Leonte Carroo, WR, Rutgers
Carroo is a talented wide receiver who would be higher in draft ratings if it weren’t for some off-the-field issues that include violence toward women. The senior totaled 809 yards and 10 touchdowns on only 39 receptions in 2015, but also only played in eight games. His average of 21 yards per catch was very impressive from the 6-foot-1, 215-pounder. As a junior, he had 55 catches for 1,086 yards and 10 touchdowns. At the Senior Bowl, Carroo’s team interviews will be just as critical as his performance in practice. He has the talent and production to rise in the postseason if he can impress teams while meeting with them.

Sean Davis, CB, Maryland
The Terrapins defensive leader started 40 games in his collegiate career and finished his career with a strong senior year. Davis showed good run support and tackling with 88 total tackles in 2015. He also had three interceptions and three passes broken up. Davis recorded 115 and 112 tackles as a junior and sophomore respectively. His steady and consistent play landed him an invitation to the Senior Bowl.

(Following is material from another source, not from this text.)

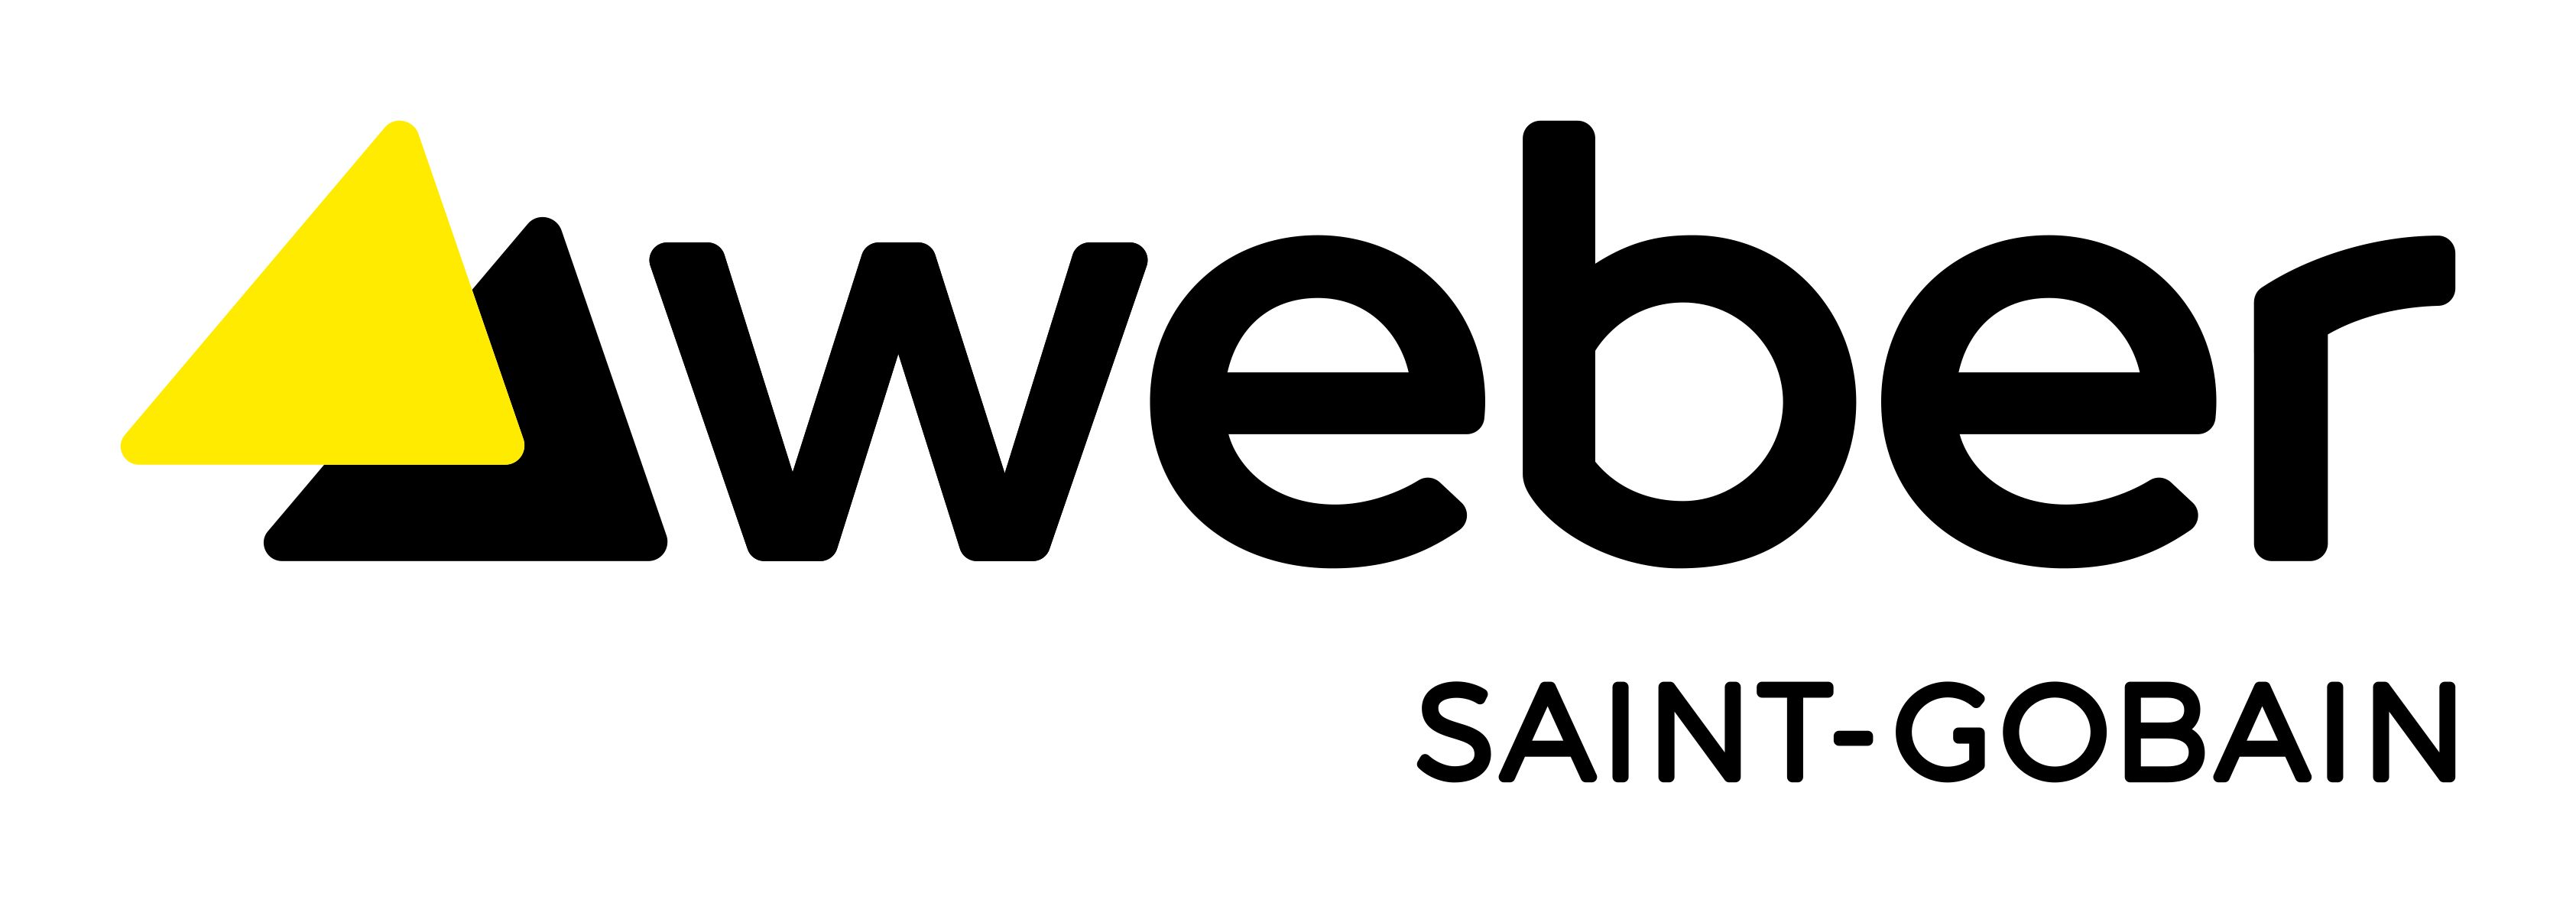 weber-logo-260x73.jpg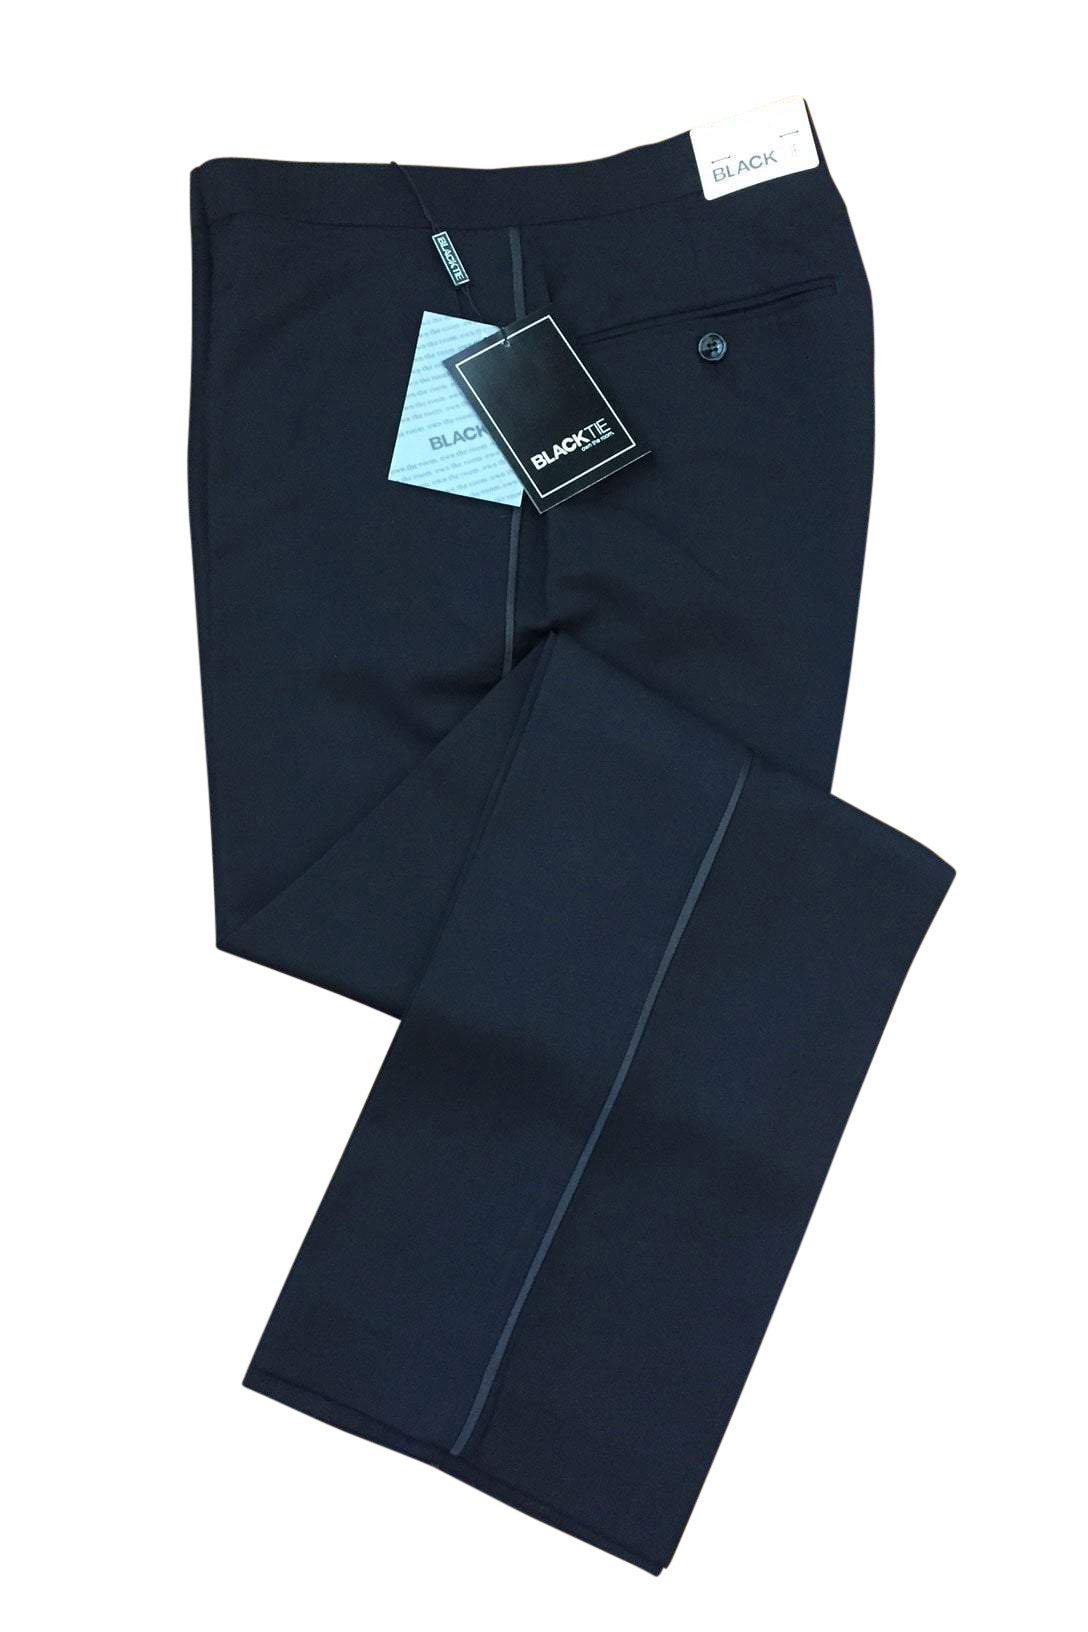 Logan Black Luxury Wool Blend Tuxedo Pants - 28 / 30 /

Tyler Ervin, RB, San Jose State
There have been a number of running backs who have really helped their draft stock at the Senior Bowl in the past, and Ervin could be a candidate for that in 2016. The diminutive back Ervin (5-10, 177) also is a return weapon on special teams who has played some cornerback as well. As a senior, Ervin averaged 5.4 yards per carry for 1,601 yards with 13 touchdowns. He also had 45 catches for 334 yards with two scores. In his career, Ervin has three kickoffs returned for a score and two punt return touchdowns. He is a player to watch in Mobile.